Nous avons souvent tendance à croire que le mensonge est un défaut moral qu'il suffirait de condamner plus fermement pour le faire disparaître. Pourtant, cette vision ne s'intéresse qu'aux conséquences, sans chercher à comprendre les causes profondes.


Le mensonge naît rarement d'un désir spontané de tromper. Il apparaît bien souvent dans un environnement où la vérité devient dangereuse.


Lorsqu'une famille, une école, une institution ou une société fonctionnent sous l'emprise du jugement permanent, de l'intolérance à l'erreur et de la condamnation sans compassion, elles installent un climat de peur. Dans un tel contexte, chacun apprend rapidement qu'être authentique peut avoir un prix : être rejeté, humilié, puni ou exclu.


Face à cette menace, l'être humain développe naturellement des stratégies de protection. Il cache ce qu'il ressent, dissimule ses erreurs, maquille la réalité ou invente une version plus acceptable de lui-même. Le mensonge cesse alors d'être un simple choix moral : il devient un mécanisme de survie.


L'enfant qui redoute une punition excessive cache sa faute. L'adulte qui craint le rejet tait ses fragilités. Celui qui ne se sent pas accueilli apprend à porter un masque. Ce ne sont pas la vérité ou l'authenticité qui disparaissent ; c'est la sécurité nécessaire pour les exprimer qui fait défaut.


C'est pourquoi la condamnation produit souvent l'inverse de l'effet recherché. Plus la sanction est rigide, plus la vérité s'enfonce dans le silence. Au lieu d'éliminer le problème, elle le rend simplement invisible. La peur ne transforme pas les êtres ; elle les pousse à se cacher.


Dès lors, une question essentielle se pose : comment espérer réduire le mensonge en multipliant les interdictions, les contrôles et les menaces ?


Si la peur est à l'origine de la dissimulation, ajouter davantage de contraintes ne peut qu'amplifier cette peur.
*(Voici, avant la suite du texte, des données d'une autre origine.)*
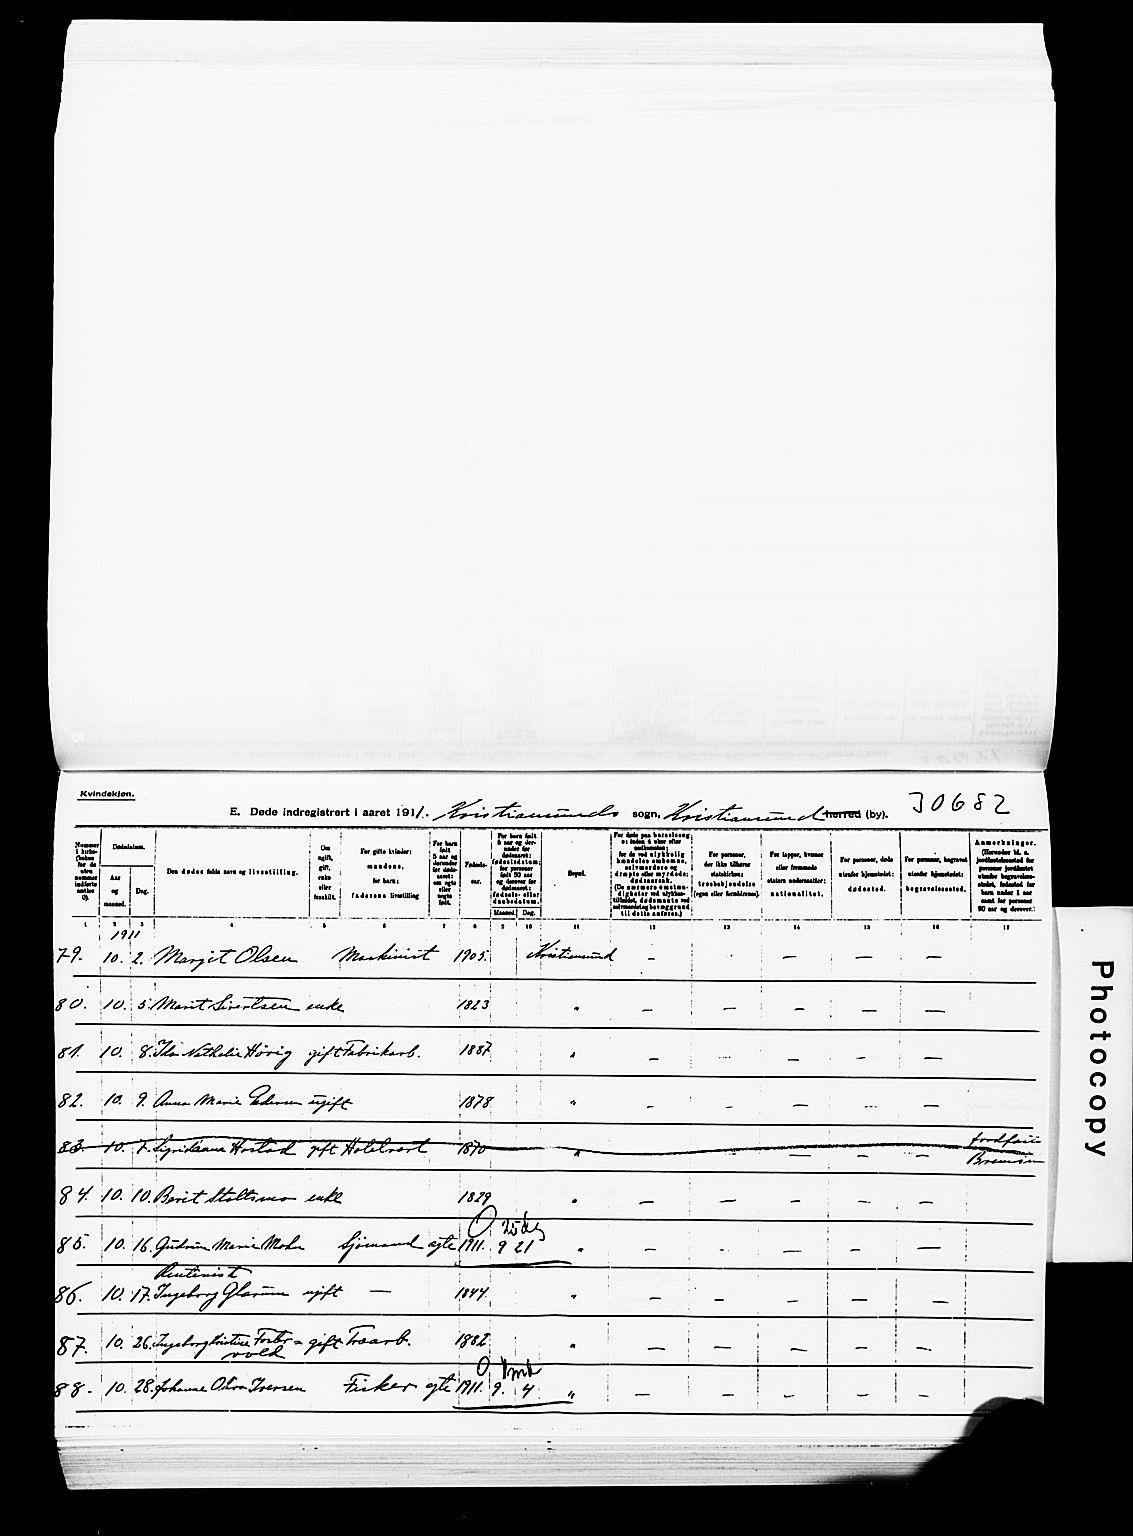 SAT, Ministerialprotokoller, klokkerbøker og fødselsregistre - Møre og Romsdal, 572/L0860: Ministerialbok nr. 572D04, 1903-1916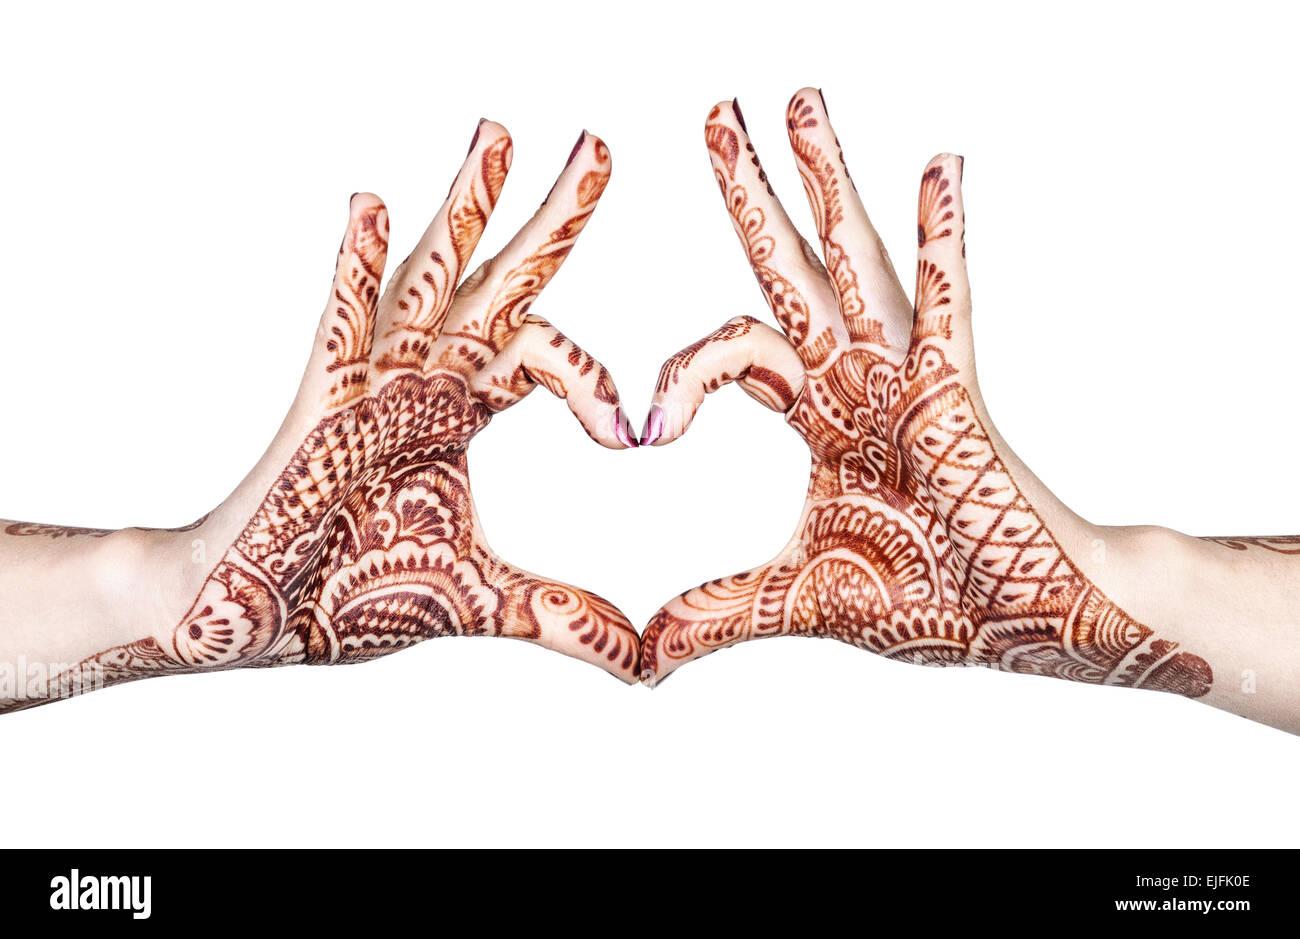 Mujer de manos con henna haciendo gestos de corazón aislado sobre fondo blanco con trazado de recorte Imagen De Stock

Plus les règles deviennent oppressantes, plus les individus cherchent des moyens de les contourner. Le contrôle appelle la dissimulation, la condamnation nourrit le secret, et le cercle vicieux se referme.


Une véritable transformation ne peut naître de la contrainte. Elle apparaît lorsque l'être humain se sent suffisamment en sécurité pour reconnaître ses erreurs sans craindre de perdre sa valeur. La compréhension n'exclut pas la responsabilité, mais elle remplace la peur par la conscience.


Accueillir ne signifie pas tout accepter ; cela signifie créer un espace où la vérité peut enfin émerger. Car une vérité accueillie peut être transformée, tandis qu'une vérité condamnée ne fait que se cacher.


En définitive, ce n'est pas le mensonge qui est le véritable problème, mais le climat qui le rend nécessaire. Tant que le jugement primera sur la compréhension, l'intolérance sur l'écoute et la condamnation sur la compassion, les masques continueront de prospérer. À l'inverse, là où règnent la bienveillance, la responsabilité et le respect de la dignité humaine, la vérité retrouve naturellement sa place.